In Situ Resource Utilization (ISRU) is at the forefront of near-term lunar and Martian missions. While many technologies and program strategies focus in ISRU, propellant production substantially impacts the scope and duration of these missions. Through ISRU, missions can benefit from substantial mass savings, and size reduction which, in turn, result in longer durations and larger payloads. Moreover, reusable landers within situ propellant production can reduce cost and benefit critical functions such as life support, energy storage, and scientific payloads.
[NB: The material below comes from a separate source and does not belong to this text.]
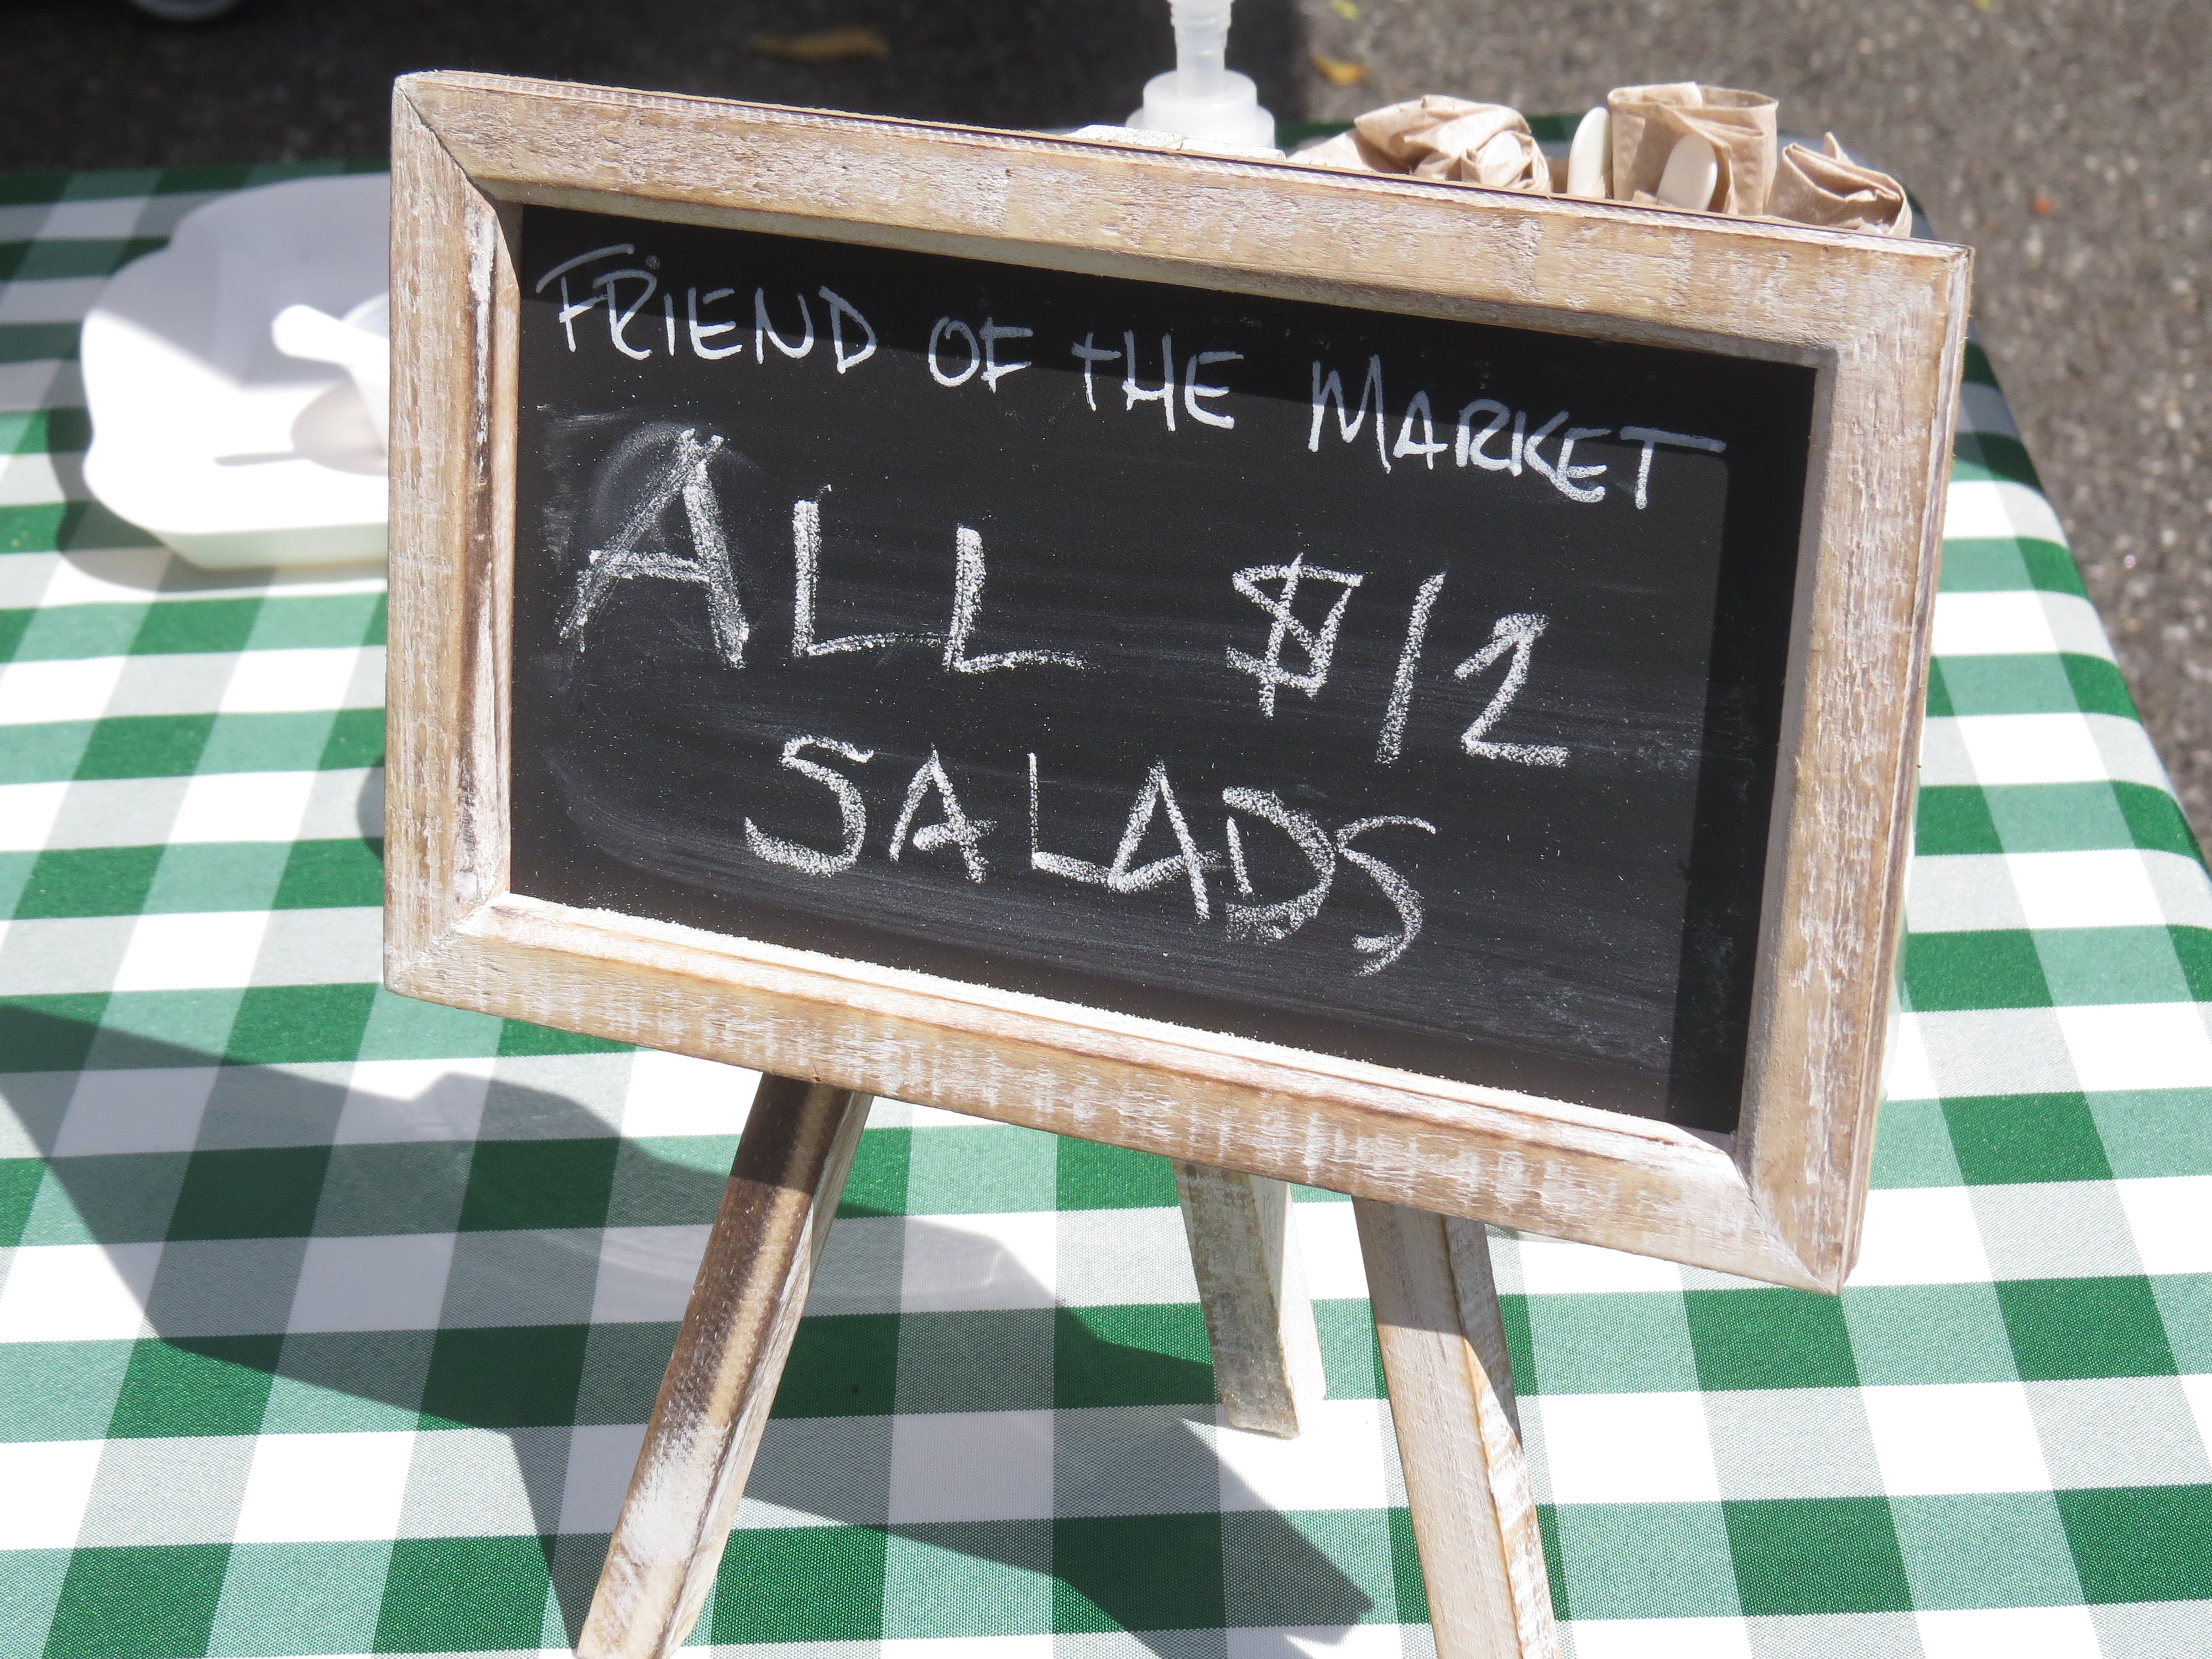 The Salad Jar sells salads for $12 per jar. July 26, 2017. Photo: Devon Bedoya

With the potential benefit comes certain technical challenges. While pure methane is a well-characterized propellant, impurities that may be present in in situ production can cause a variety of issues. Beginning in the manufacturing process, the presence of carbon dioxide, carbon monoxide, and water can affect the success of liquefaction processes. Carbon dioxide and water both have freezing points above the saturation temperature of methane that could cause the build up of solids in liquefaction plumbing. Moreover, carbon monoxide has a lower saturated temperature so it may either, not condense and cause gas pocket, or condense and boil off later. It may require a conditioning stage to separate carbon monoxide from methane or maintaining temperatures low enough to keep it from boiling.
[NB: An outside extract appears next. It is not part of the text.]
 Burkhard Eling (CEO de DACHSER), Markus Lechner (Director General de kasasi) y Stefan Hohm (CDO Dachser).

In this effort GTL proposes to determine the effect of impure propellant on mission critical systems, including storage, pressurization systems, thermal management systems, and combustion instability.
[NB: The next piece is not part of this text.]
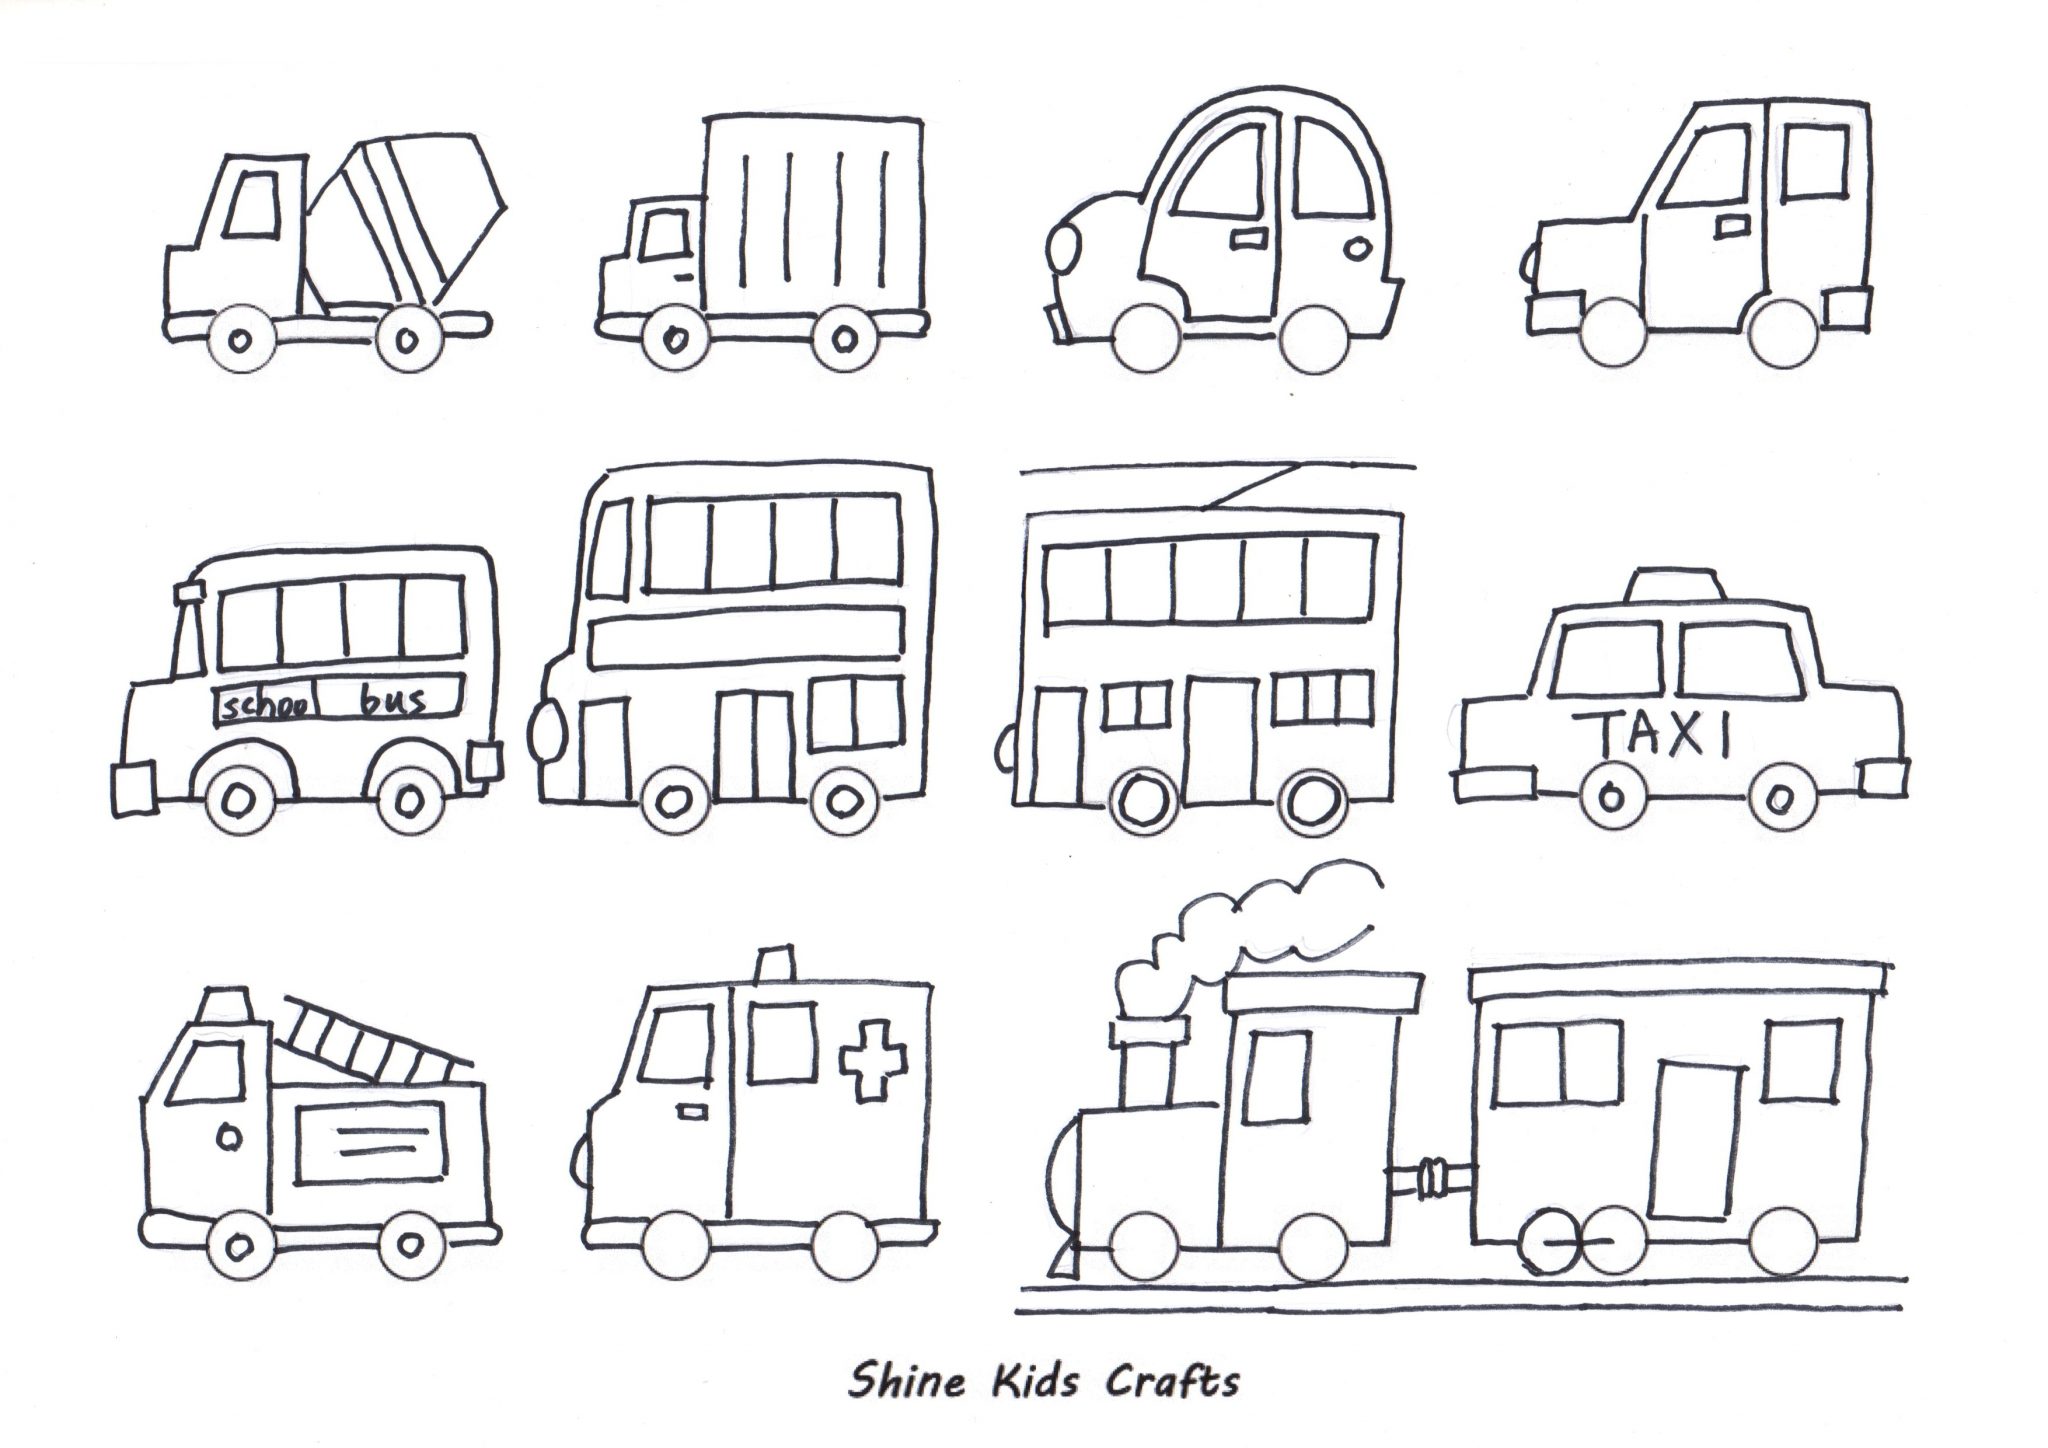 Future vehicle drawing Vectors & Illustrations for Free Download | Freepik

Since this effort is focused towards defining standards for impure propellant properties, the commercial marketplace is small. Therefore, the direct commercialization impact is also small. However, since several current and future propulsion systems are expected to use methane fuel, the secondary impact of safely relaxing specifications is sizeable.
On the other hand, validation of GTL’s computational physics framework used in this effort supply another tangible benefit to NASA for combustion and combustion instability modeling.
Several commercial space ventures have baselined methane or natural gas fuels for propulsion systems. Characterizing the limitations of subpure propellants can have an impact of launch costs, mission scope, and logistical supply chains for these entities. Moreover, military applications could find value from in situ methane production and refinement for remote missions.